Authentication and Authorization

This section explains how authentication and authorization work in Arrikto EKF.

EKF supports authentication using Istio Gateway and AuthService. Istio Gateway intercepts requests to authenticated endpoints and sends them to the AuthService. The AuthService is then responsible for verifying that the request was made by a user with valid credentials, and if so, it allows the request to pass. Alternatively, the AuthService will prompt the user to log in to an Identity Provider using OIDC.

An Identity Provider (IdP) is a service that stores and manages digital identities. These services allow users to connect to the resources they need. They provide a way to manage access, adding, or removing privileges in a secure way.

The next guides present various scenarios of how AuthService authenticates clients. For each scenario, we make a distinction based on the kind of the client that performs the initial request. There are two type of actors:

  • User: indicates that the actor is either a real person or a programmatic client.
  • Client: indicates that the actor is a programmatic client.

AuthService works as an authentication proxy and can authenticate the clients with the authentication methods in the following order:

  1. Kubernetes authenticator: authenticates the client with their Kubernetes Service Accounts. This authenticator communicates with Kubernetes API server to validate the client request and retrieves the respective information.
  2. Access token authenticator: AuthService can validate access tokens issued by an external Identity Provider with one of the following two authentication methods:
    1. Opaque access token authenticator: authenticates the client based on the opaque access token that the external Identity Provider granted for the client. This authenticator communicates with the integrated external Identity Provider to validate each client request and retrieves the respective information.
    2. JWT access token authenticator: authenticates locally the client based on the JWT access token that the external Identity Provider granted for the client. If the signature of the JWT access token exists in the JSON Web Key Set (JWKs) list, this authenticator validates the client request without communicating with the external Identity Provider.
  3. Session authenticator: authenticates the client based on their cookie. If the session for this client exists, this authenticator validates the client request locally.
  4. ID token authenticator: authenticates locally the client based on the ID token that the external Identity Provider granted for the client. If the signature of the ID token exists in the JSON Web Key Set (JWKs) list, this authenticator validates the client request without communicating with the external Identity Provider.

By default, AuthService will examine all the aforementioned authentication methods -except for the opaque access token authenticator- while attempting to authenticate the client of the received request. Admins can specify which of the available authentication methods will use. For the access token authentication admins can only enable either the opaque access token authenticator or the JWT access token authenticator.

Note

Admins can also enable the AuthService caching mechanism. This mechanism can significantly reduce the authentication overhead for both the Kubernetes authenticator and the opaque access token authenticator. You can find out more on how to enable the AuthService caching mechanism in the Enable AuthService Caching Mechanism guide.

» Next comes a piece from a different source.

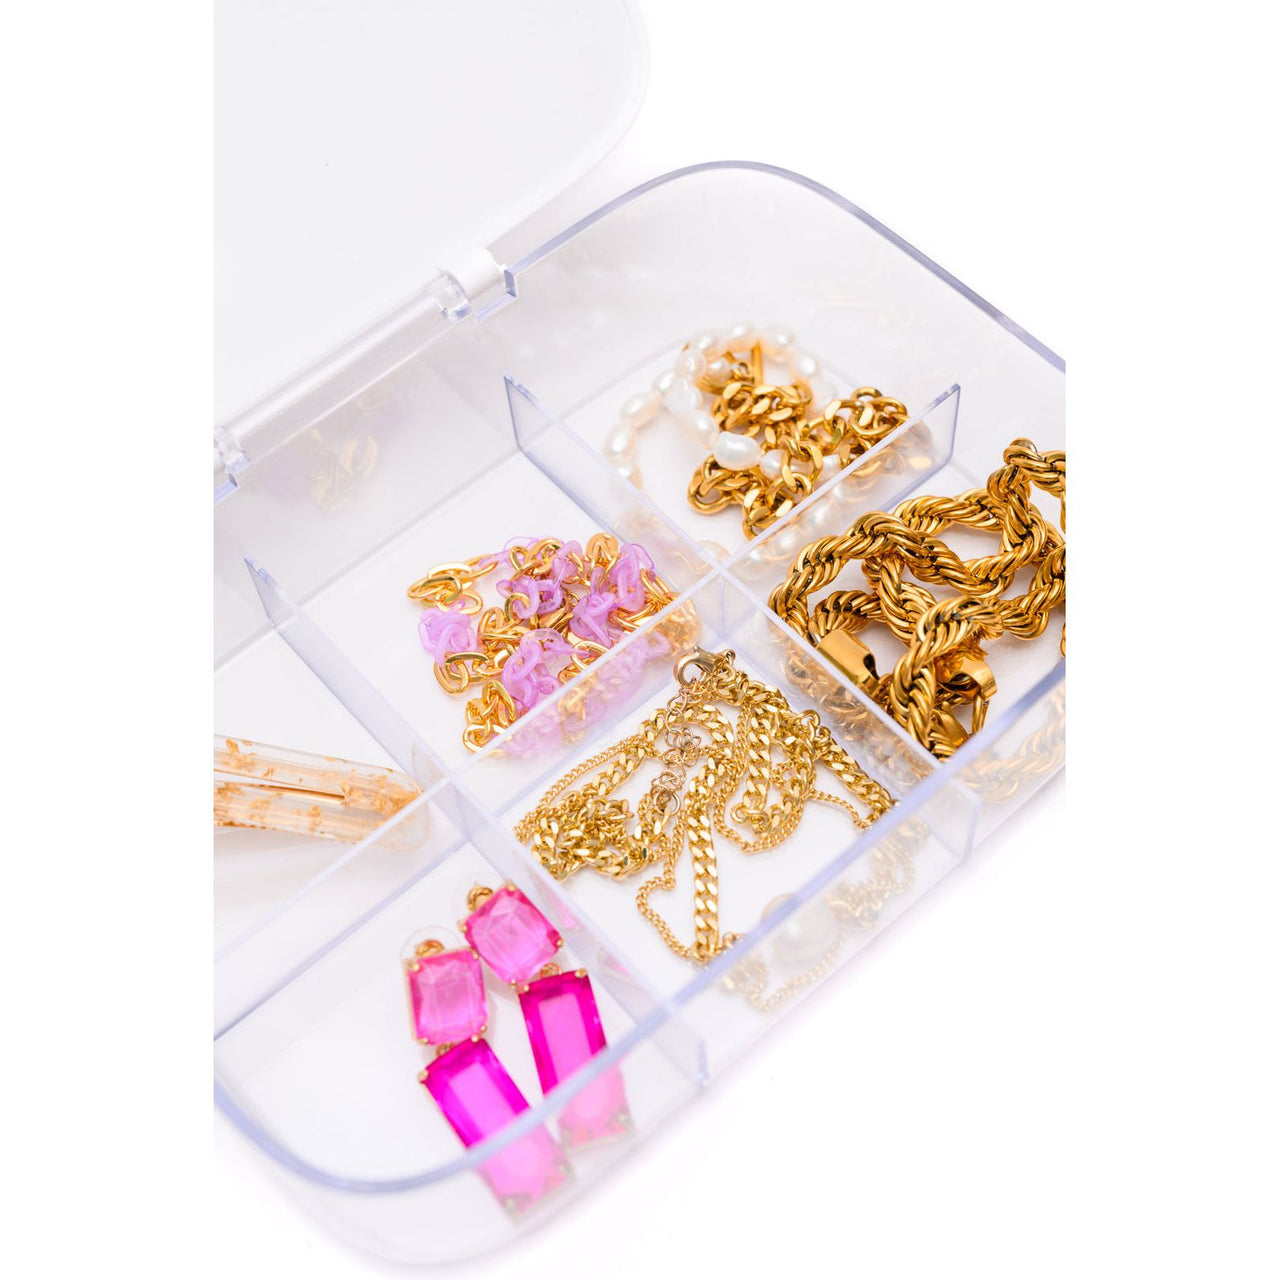 All Sorted Out Jewelry Storage Case Accessories Ave Shops

We present how a user can login with OIDC via their browser and get the necessary credentials. Once the user acquires the credentials, then Kubeflow Reception creates an account and the Profile Controller creates a Kubernetes resource of type Profile for them. Then we analyze how AuthService can authenticate both the user and their programmatic clients with their cookie, their Kubernetes Service Accounts, or their access token granted by an external Identity Provider.

If the user authentication was successful then EKF needs to authorize the user to perform the request. EKF performs authorization by leveraging from Kubernetes Role-Based Access Control (RBAC). RBAC is a method of regulating access to computer or network resources based on the roles of individual users within your organization. RBAC authorization uses the rbac.authorization.k8s.io API group to drive authorization decisions, allowing you to dynamically configure policies through the Kubernetes API.

Once EKF receives the request of an authenticated client it performs a SubjectAccessReview call to the Kubernetes API server. This method examines whether or not the authenticated client has sufficient permissions to perform this request. Thanks to RBAC, Kubernetes API server can inspect the permissions of this client.